Hedge funds are so 2000s. The exclusive investments of the rich and richer may be on their way out; in their place institutional investors and investment advisors are buying alternative mutual funds and ETFs.
A survey by the investment research company Morningstar, and Barron's, the investment magazine, found that the liquidity and transparency of mutual funds and ETFs offering alternative investing strategies are becoming preferable to hedge funds for some big investors.
Apparently $2.7 billion flowed out of hedge funds in the third quarter of 2010 while $17.3 billion flowed into alternative mutual funds, according to the press release on Tuesday.

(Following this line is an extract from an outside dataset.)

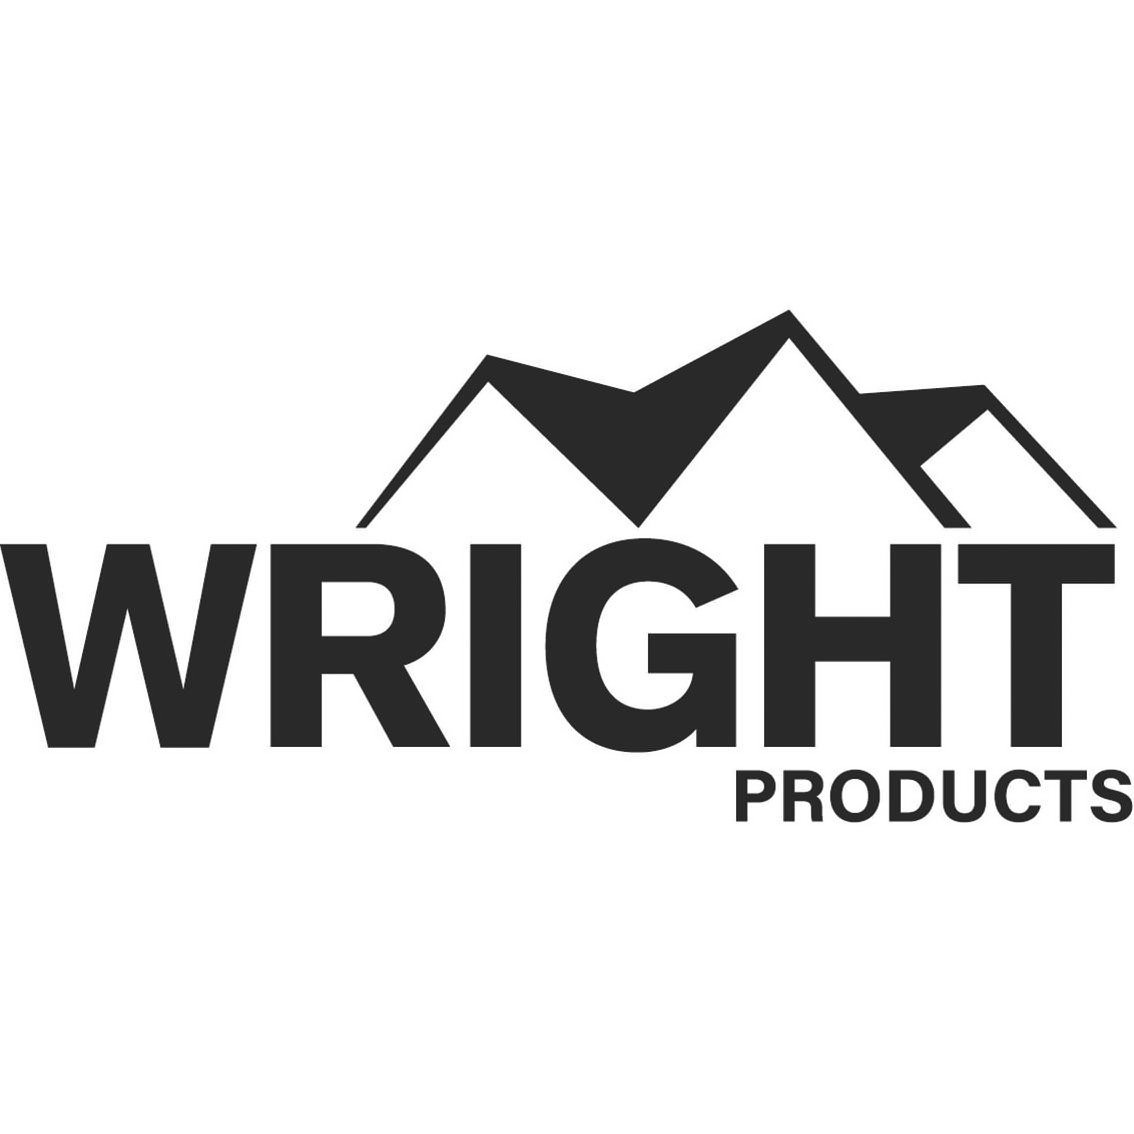  WRIGHT PRODUCTS

The survey found that even though hedge funds may be falling slightly out of favor, alternative investments are becoming even more vital to big-time portfolios. Over 70 percent of institutional respondents to the survey and 66 percent of advisors said that alternatives will be as important or more important than traditional investments over the next five years.
Where does that leave the relatively small-fry investor?
While most individuals find themselves firmly shut out of hedge funds based on net worth requirements -- $1,000,000 not counting a primary residence -- or income requirements, individuals can access hedge-like mutual funds.
Hedge funds invest in a wide variety of assets and use any number of strategies to boost their returns. Alternative mutual funds employ some of the same methods.
This Bankrate feature, "Hedge funds for the average investor," looked at some of the most common alternative mutual funds out there, including long-short funds, commodities and multistrategy funds.
But it's a big investment universe out there. A story on Investmentnews.com, "Time to look at alternative mutual funds," reported that including exchange-traded notes, exchange-traded funds, closed-end funds and mutual funds, there are 500 registered products that could be considered alternative investments.
Though investing in alternatives is much more expensive than traditional, actively-managed funds -- fees can be as high as 5 percent annually -- they may be useful in rounding out a diversified portfolio.
The trick is figuring out which investment may be best for your portfolio, which is where a trusted financial advisor could come in handy.